INSTRUCTIONS FOR THE TASK: Write out the data that follows exactly, keeping every picture out.

THE DATA:
= = = = =

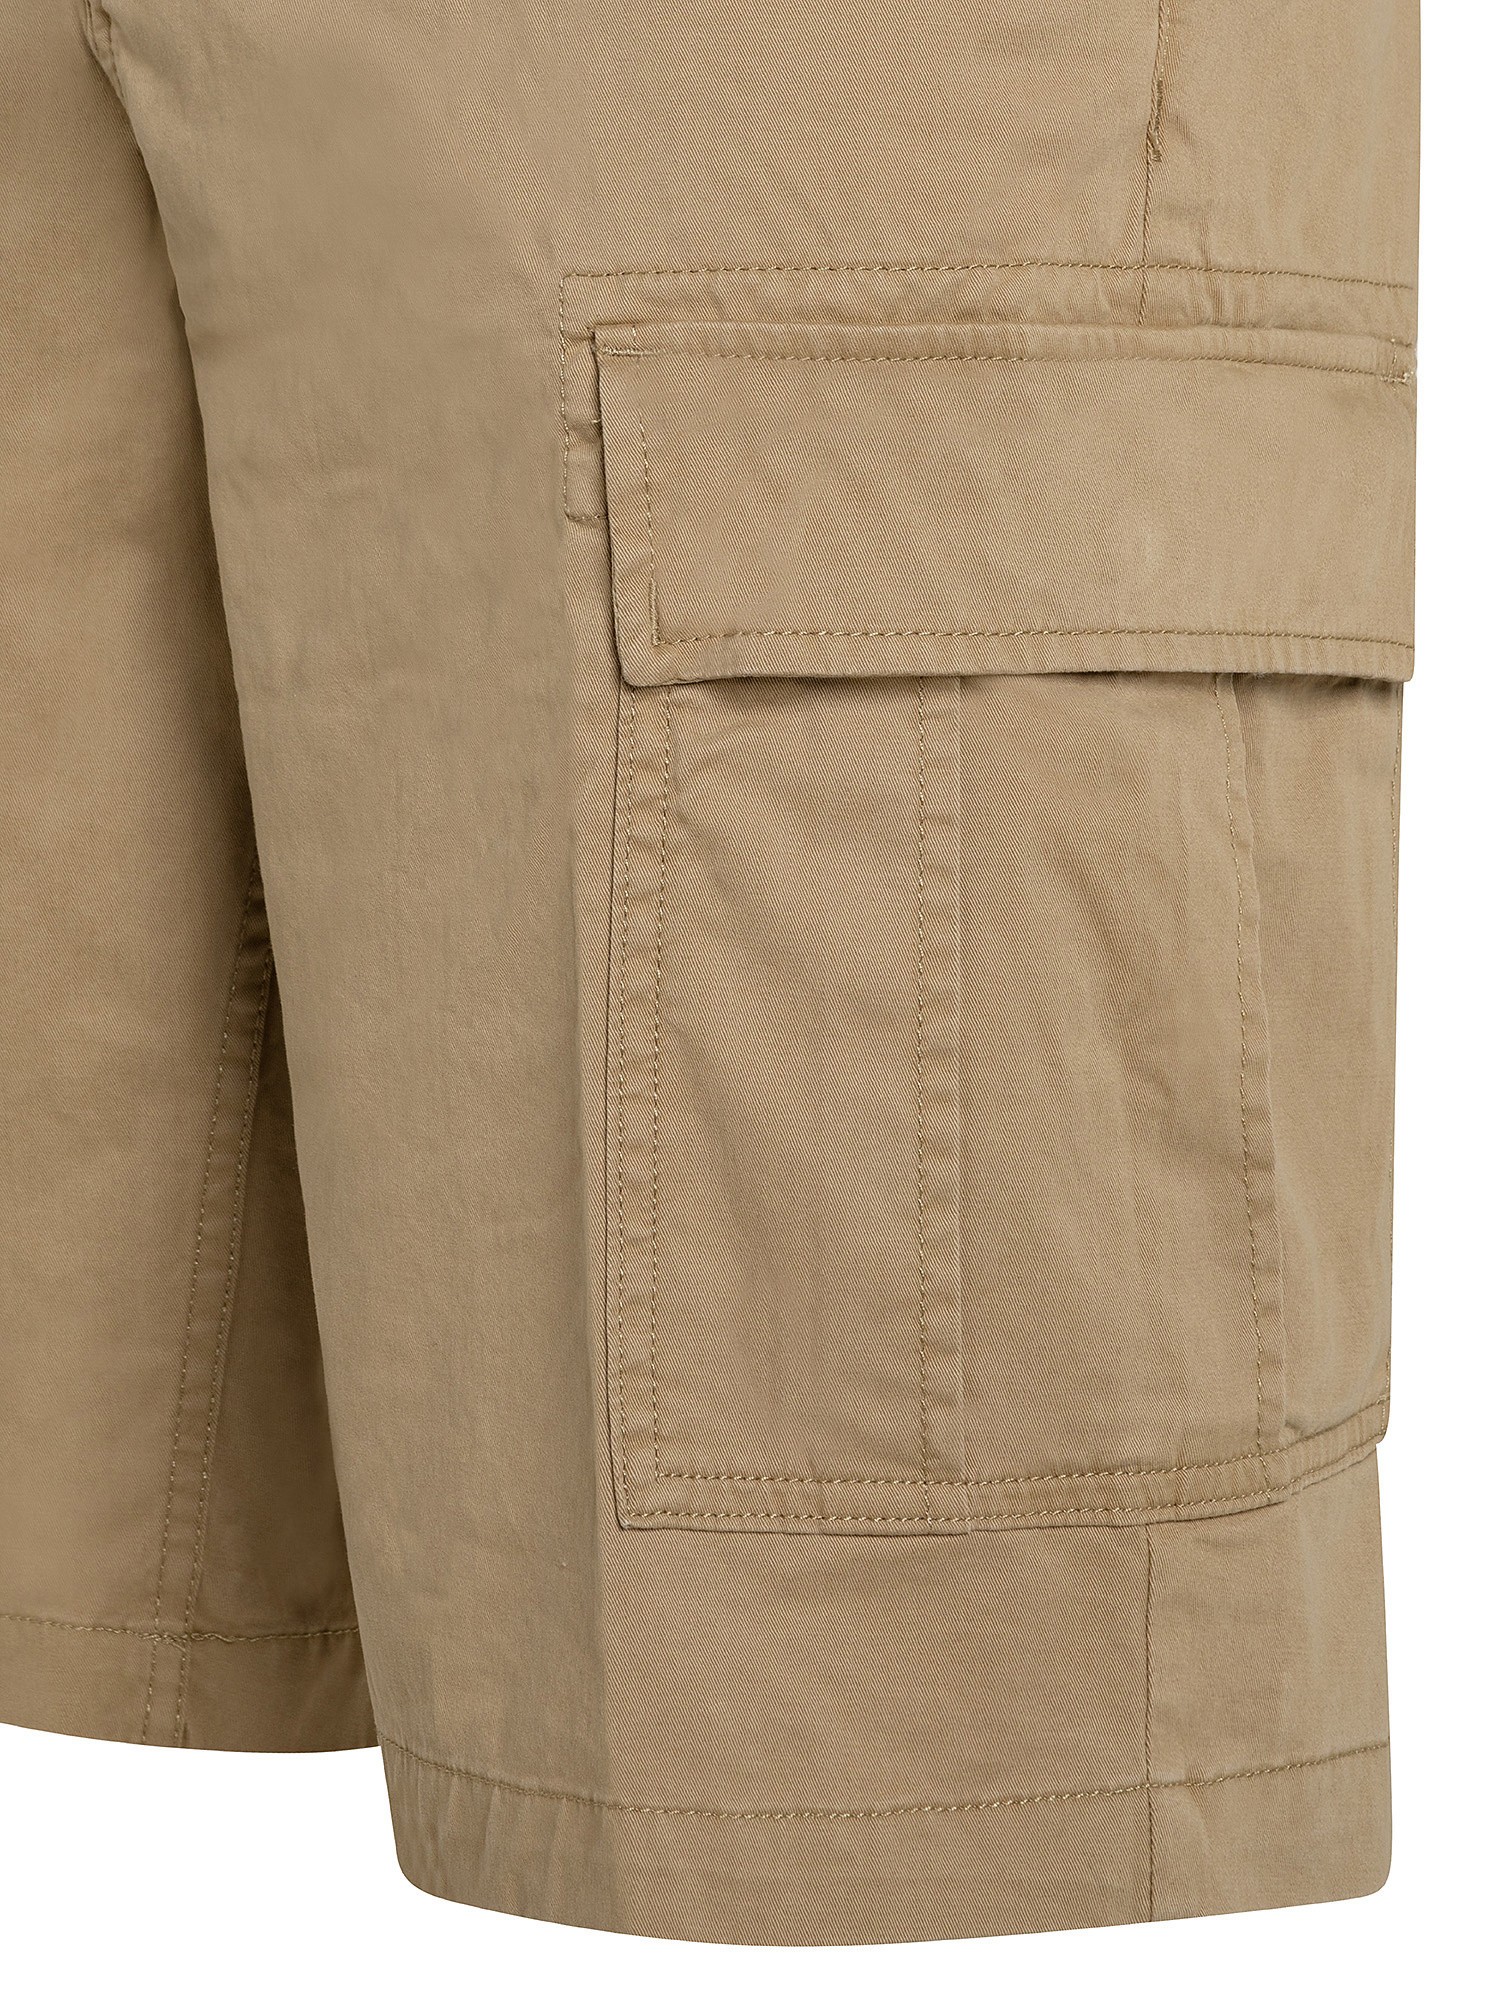 Men's Outdoor Heritage Cargo Shorts, Beige, large image number 2
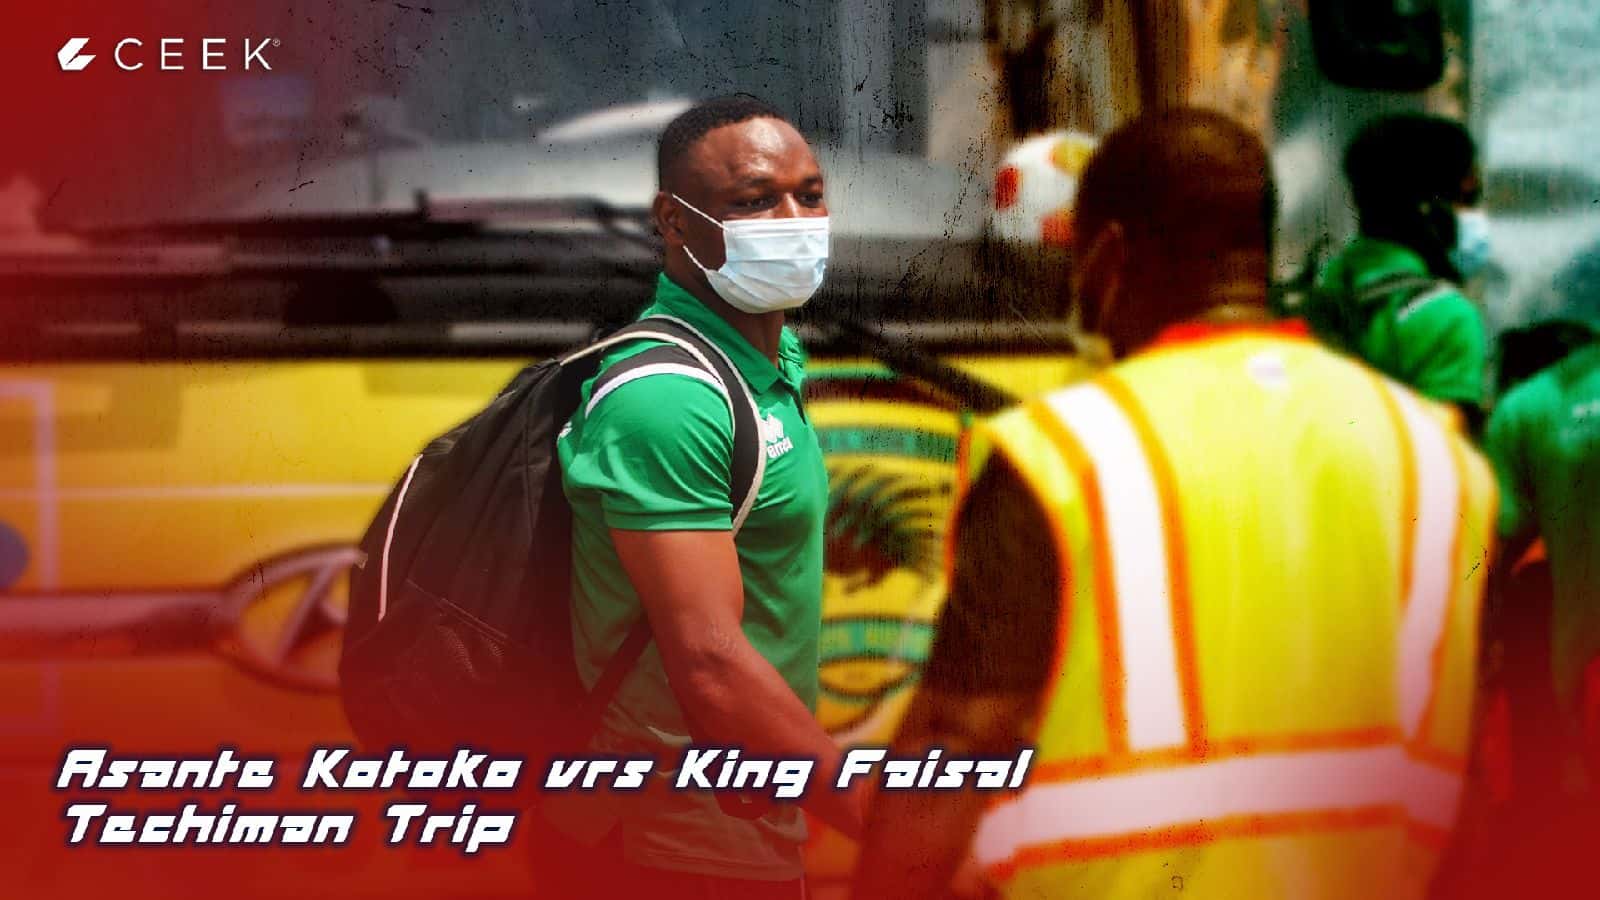 Asante Kotoko Asante Kotoko vrs King Faisal - Techiman Trip
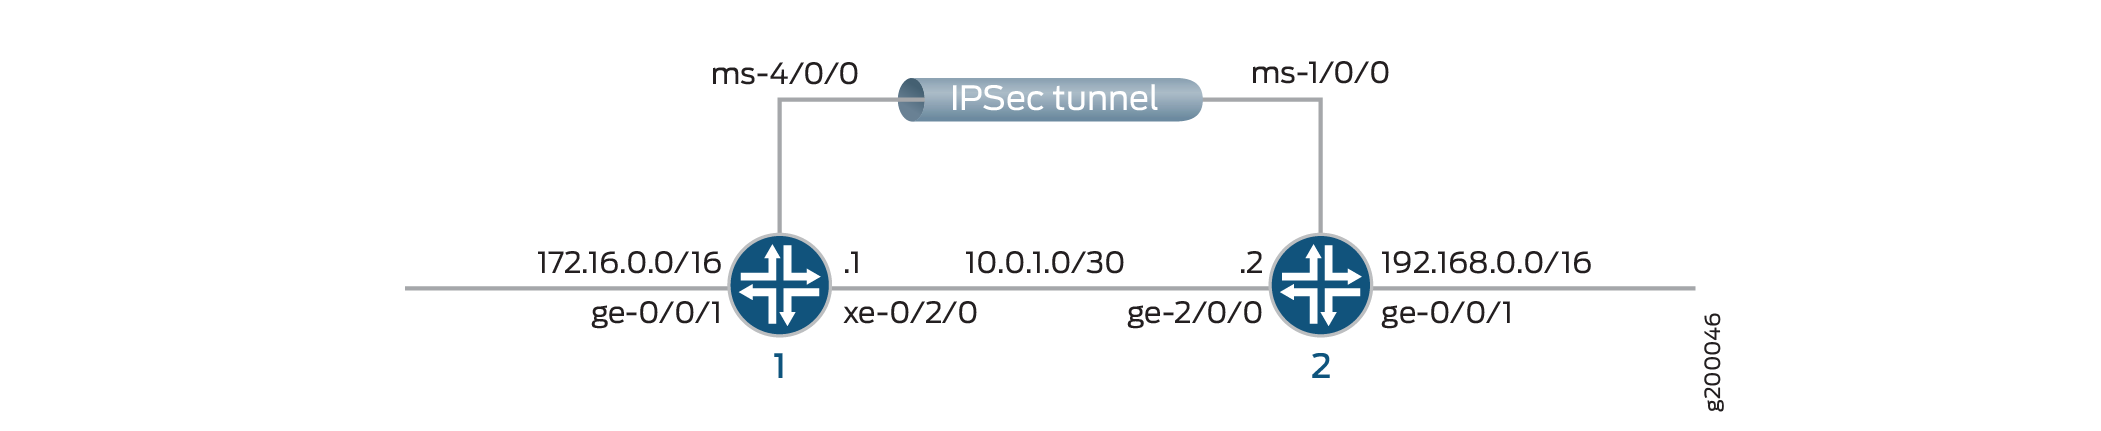 IPsec VPN Tunnel Topology

= = = = =

EXPECTED ANSWER:
 Men's Outdoor Heritage Cargo Shorts, Beige, large image number 2
 Asante Kotoko Asante Kotoko vrs King Faisal - Techiman Trip
 IPsec VPN Tunnel Topology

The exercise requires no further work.